Personally, I feel that regardless of the extent of power or influence audiences have over media producers, in the end those with the final say will be those with the money - the media producers. Unfortunately, as much as people may try and think otherwise, we are living in a material world and money tends to equal power. Even fans fear that the role of media producers is still too controlling - Jenkins (2006a, 20) points out that American Idol fans "fear that their participation is marginal and that producers still play too active a role in shaping the outcome of the competition". In terms of professional media productions, which ultimately aim to make money, producers will ensure that regardless of whether audiences are involved or not, the final product will be whatever they believe will be most successful... and make the most money. Produsage, user-generated content and fandom have all provided audiences with much more power than they ever had traditionally, however I believe that ultimately, the real power will always lie with media producers (and their money).

For more info on fandom check out:

  • Online Fandom -Nancy Baym's blog on fan communication and online social life
  • Random Fandom - a podcast hosted by Joanna, sharing her thoughts and opinions on fandom including music, pop culture, movies, etc
  • Fan Forum - as it suggests, an online fan forum allowing fans to communicate and share their thoughts on their fandom

References
Banks, J. 2002. Gamers as Co-creators: Enlisting the Virtual Audience – A Report From the Net Face.
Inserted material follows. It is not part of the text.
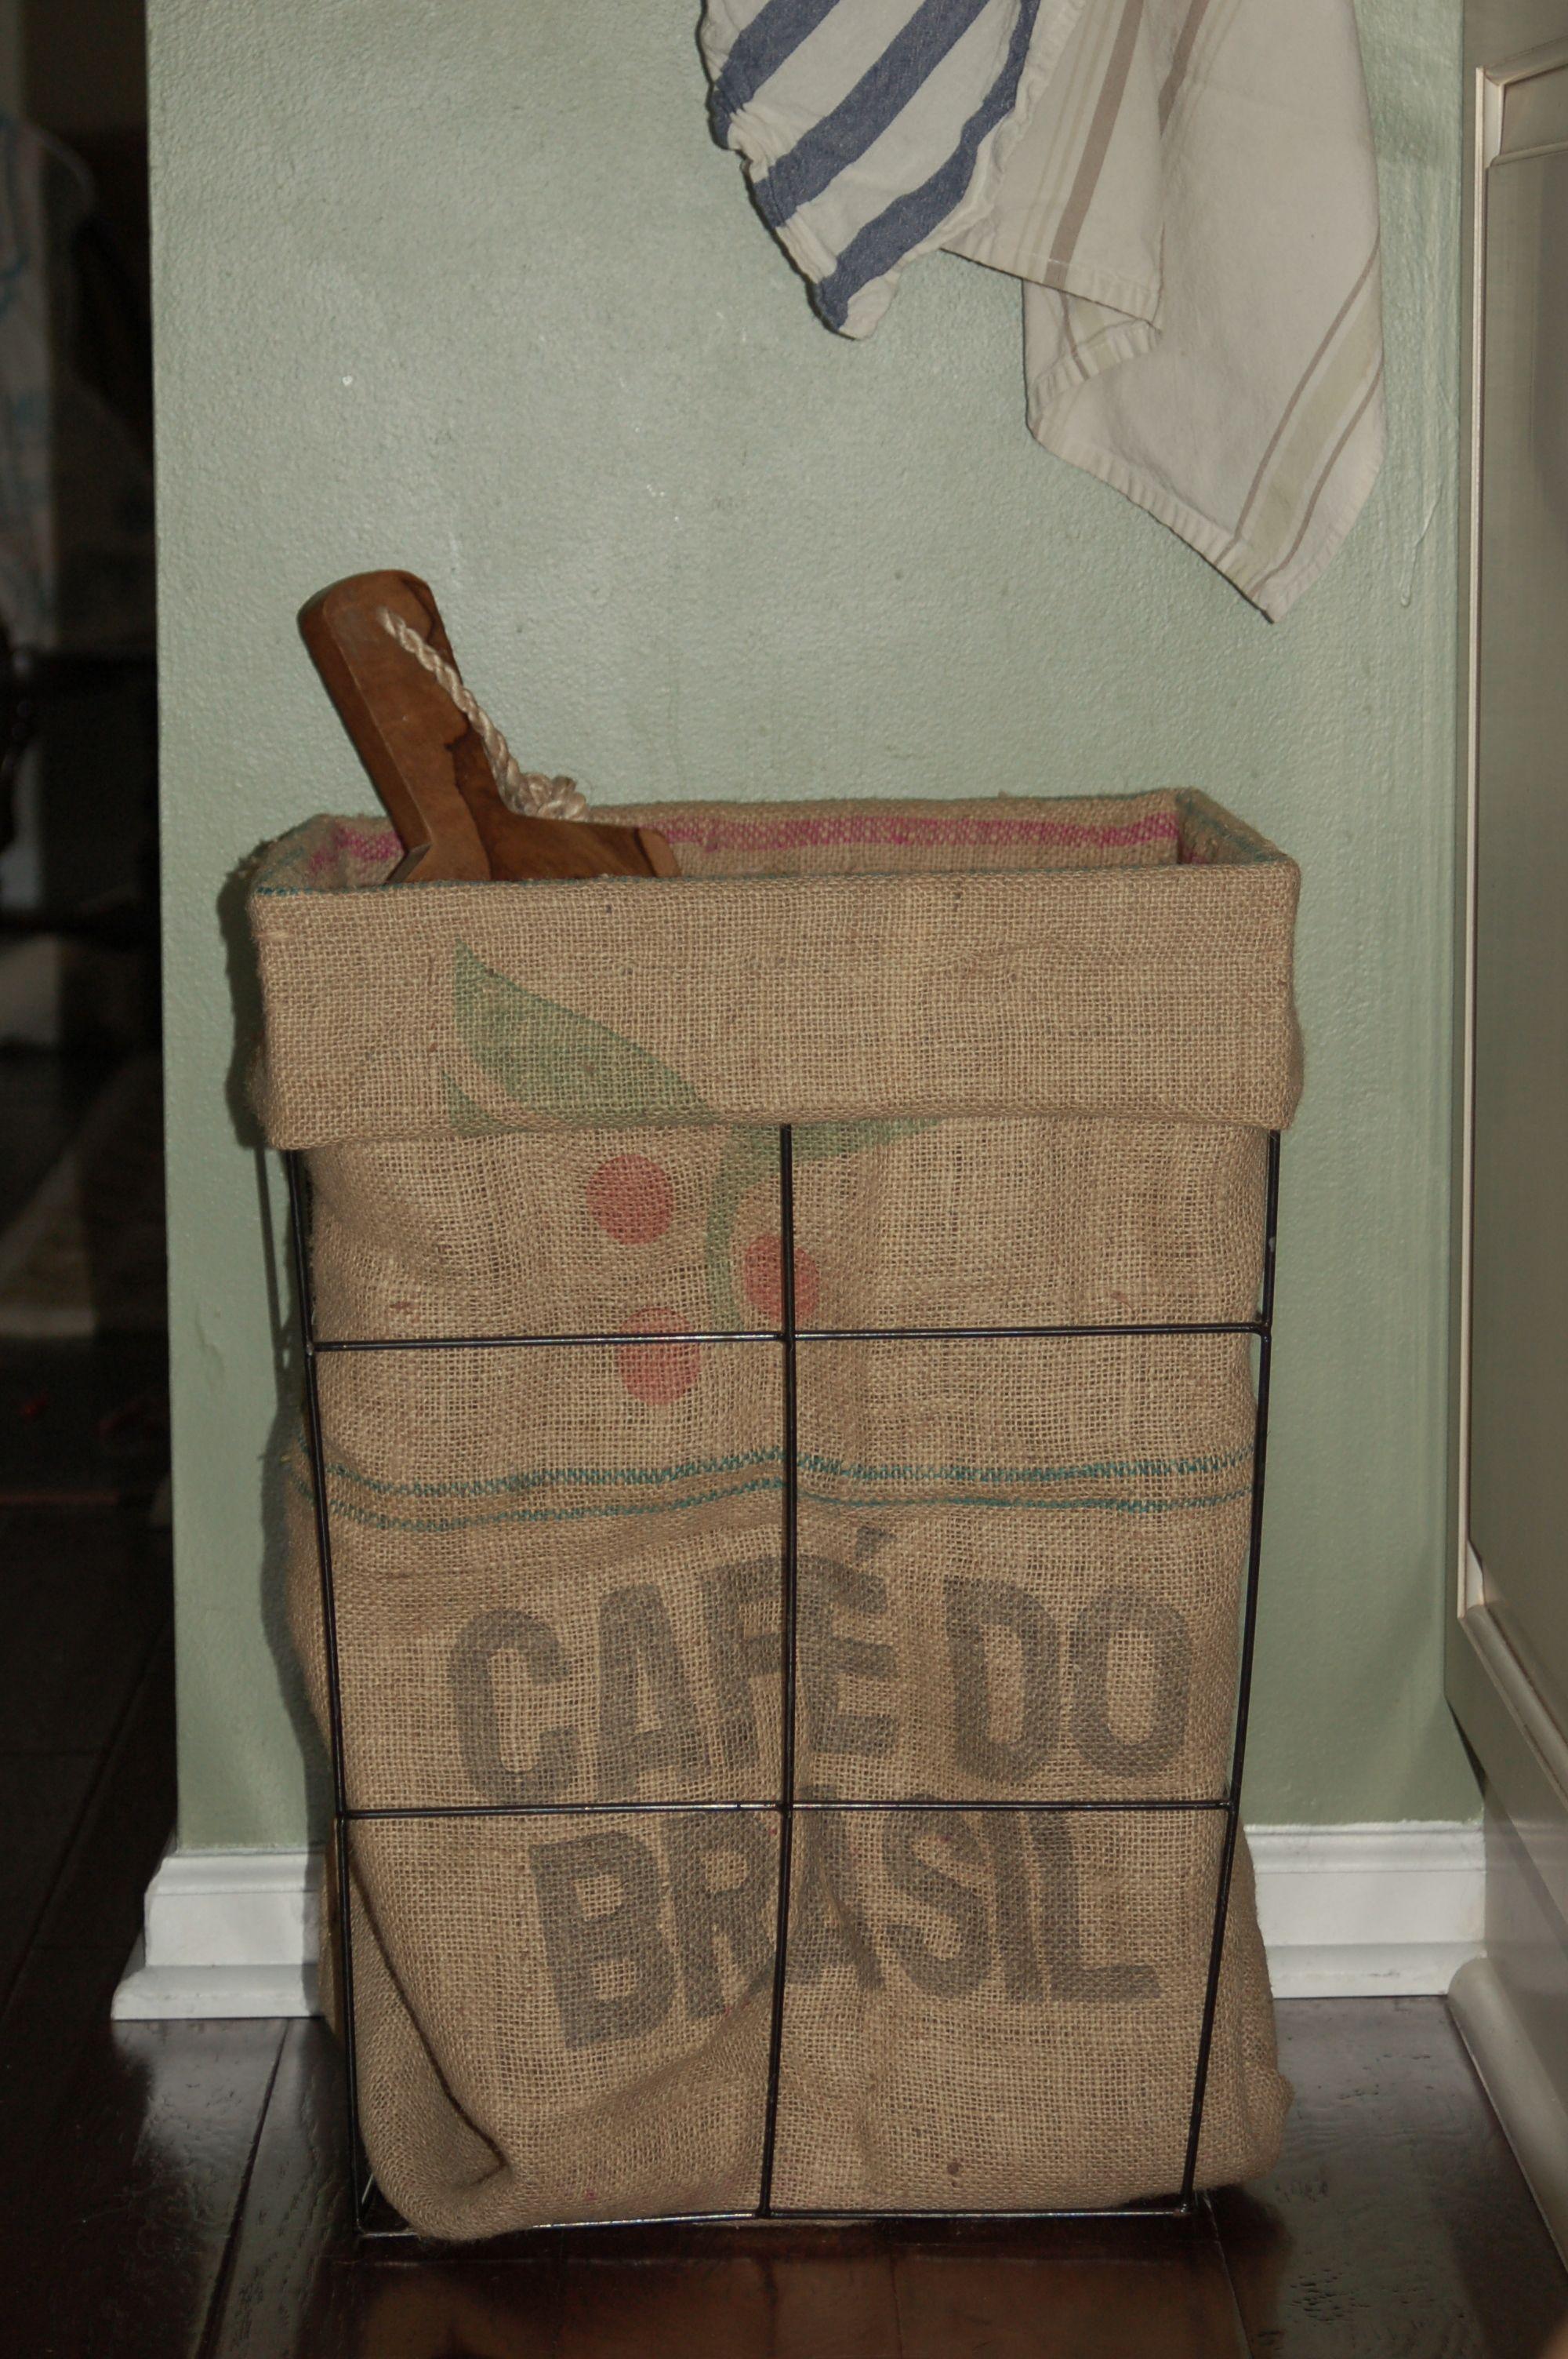 Feed sack wire basket tall laundry basket coffee sacks for Burlap bag craft ideas

In Mobilising the Audience, eds. M. Balnaves, T. O’Reagan, and J. Sternberg, 188-212. St Lucia: University of Queensland Press.


Jenkins, H. 2006a. Introduction: Worship at the Altar of Convergence. In Convergence Culture: When New and Old Media Collide, ed. H. Jenkins, 1-24. New York: New York University Press.

Jenkins, H. 2006b. Buying into American Idol: How We Are Being Sold on Reality Television. In Convergence Culture: When New and Old Media Collide, ed. H. Jenkins, 59-92. New York: New York University Press.

Jenkins, H. 2002. Interactive Audiences? In The New Media Book, ed. D Harries, 157-170. London: BFO Publishing.